Your back, of course, needs to be strong as well as flexible to help you stay active in Wheel pose, rather than resting all your weight on your wrists. To strengthen the back include Locust variations in your practice.
- For a brilliant backbending class which will help with both flexibility and strength, I highly recommend Esther Ekhart’s Sukha flow – enjoy good space
3. Hips and thighs
If you are quite flexible in your back you may not always notice tightness in the front of the hips and thighs (hip flexors) as you can still get into the basic shape of Wheel pose. However, too much restriction in the hip flexors will keep your pelvis tipping forward and so probably means that you are hinging in the lower back more, instead of getting a nice even arc in your whole back.
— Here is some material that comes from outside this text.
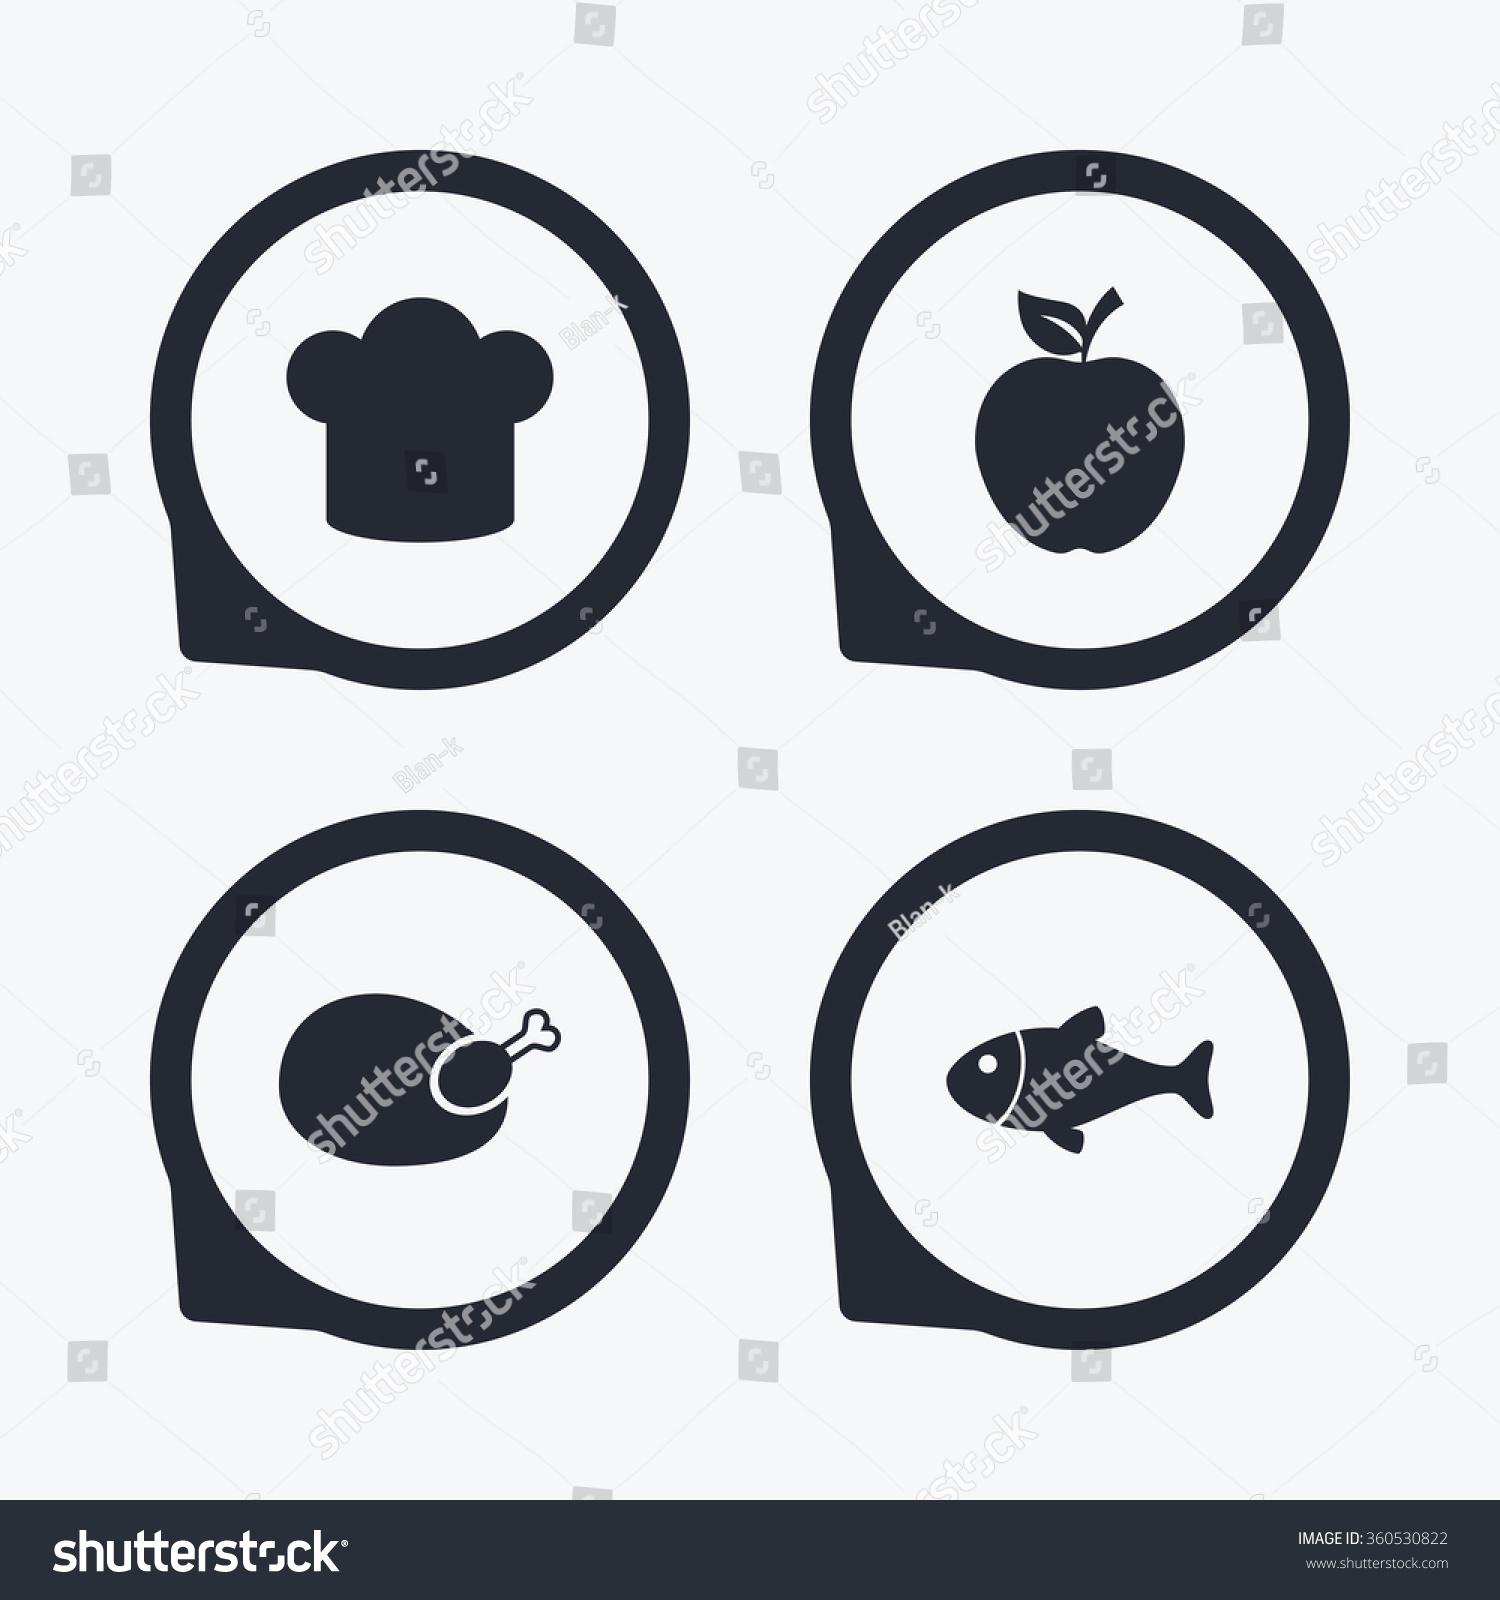 Food icons apple fruit leaf symbol stock illustration 360530822 apple fruit with leaf symbol chicken hen bird meat sign fish buycottarizona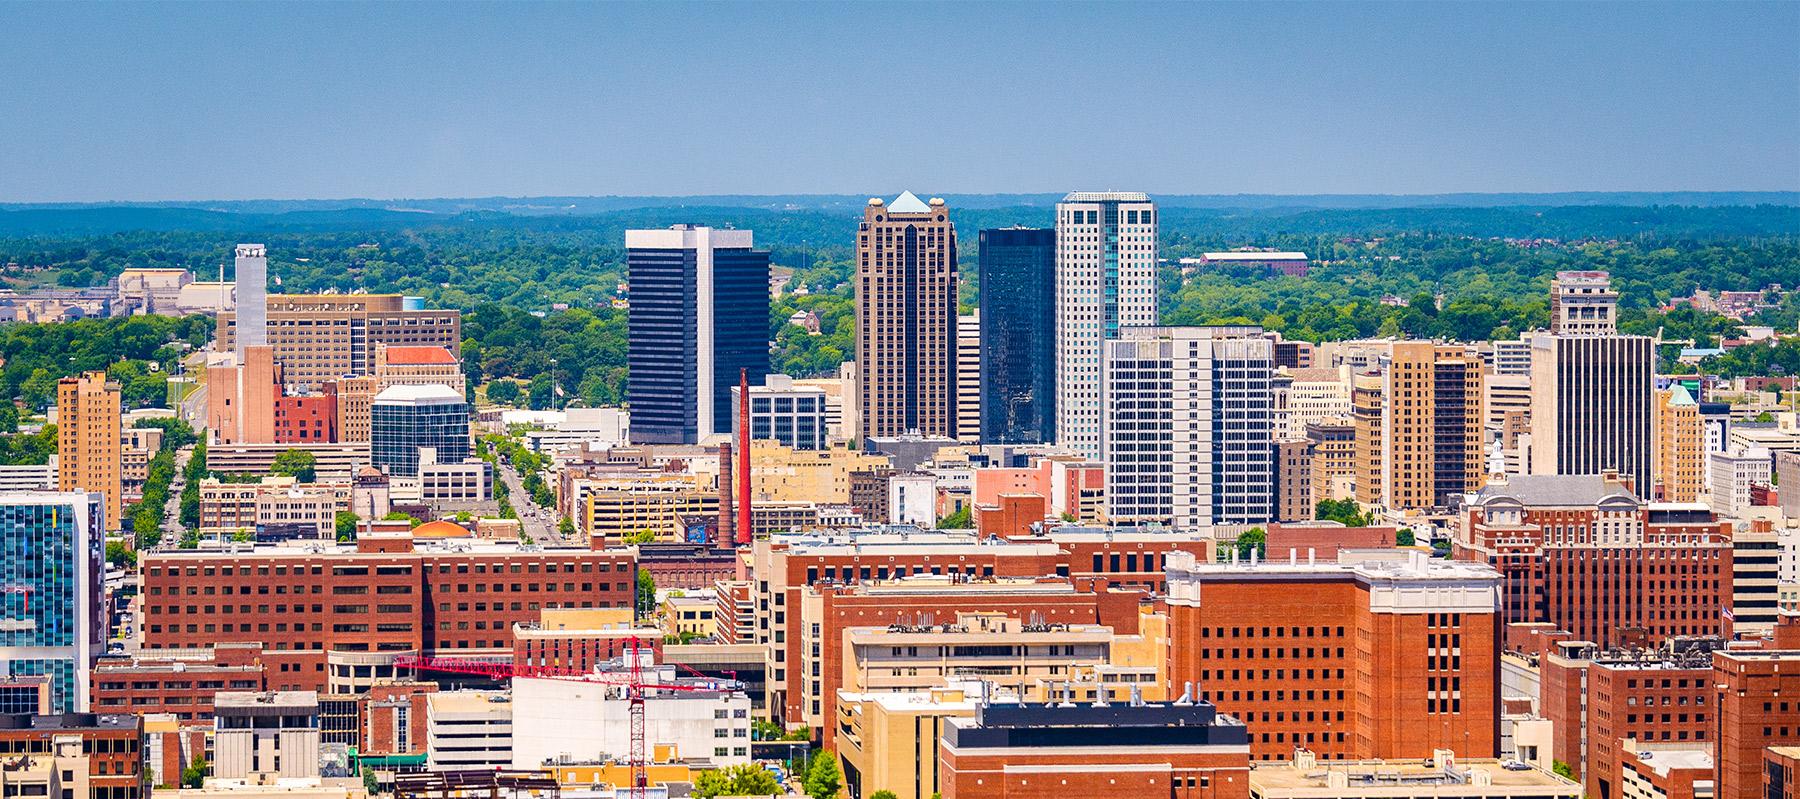 Image of Birmingham, AL

See how the front of your hips and thighs feel in a High Lunge pose but keep the back knee slightly bent so that your pelvis is in a more neutral position as if you were standing in Tadasana. This will mimic the same line or action you are looking for in Wheel.
If you feel a lot of restriction there, work on that bent-knee High Lunge and also Saddle pose (Supta Virasana). Try a one-legged variation of Saddle with one foot is flat on the floor with the knee pointing up while the other leg is folded in the pose. This helps to focus the pose on your hip instead of your lower back and it also makes it easier to use plenty of blocks or cushions under your hips if you need them. Read Jose’s de Groot’s article for more Saddle Pose variations.
- Practise the bent-knee high lunge variation in Sandra Carson’s awesome Front line opening class. In this class, you’ll learn about the lines or layers of connected tissue in the body and how ‘tightness’ in the hips will affect the whole front line of your body including your belly, neck and even your shins. This class will help with all backbends regardless of where your restriction is.
Finally, as I talked about at the beginning, Wheel pose can be emotionally confronting. Apprehension, frustration, excitement are all feelings that can come up. Try some mental rehearsal before you practice Wheel pose. Take some time to visualise yourself coming into the pose, staying for five comfortable breaths, and coming out of the pose with control. Notice what thoughts or feelings comes up as you picture yourself doing the pose.
- For more on this read Olav’s advice on Tackling a Difficult Pose.
I hope that this helps give you a better understanding of how to assess your own pose so you can improve and practice safely on your own if you don’t have a teacher nearby.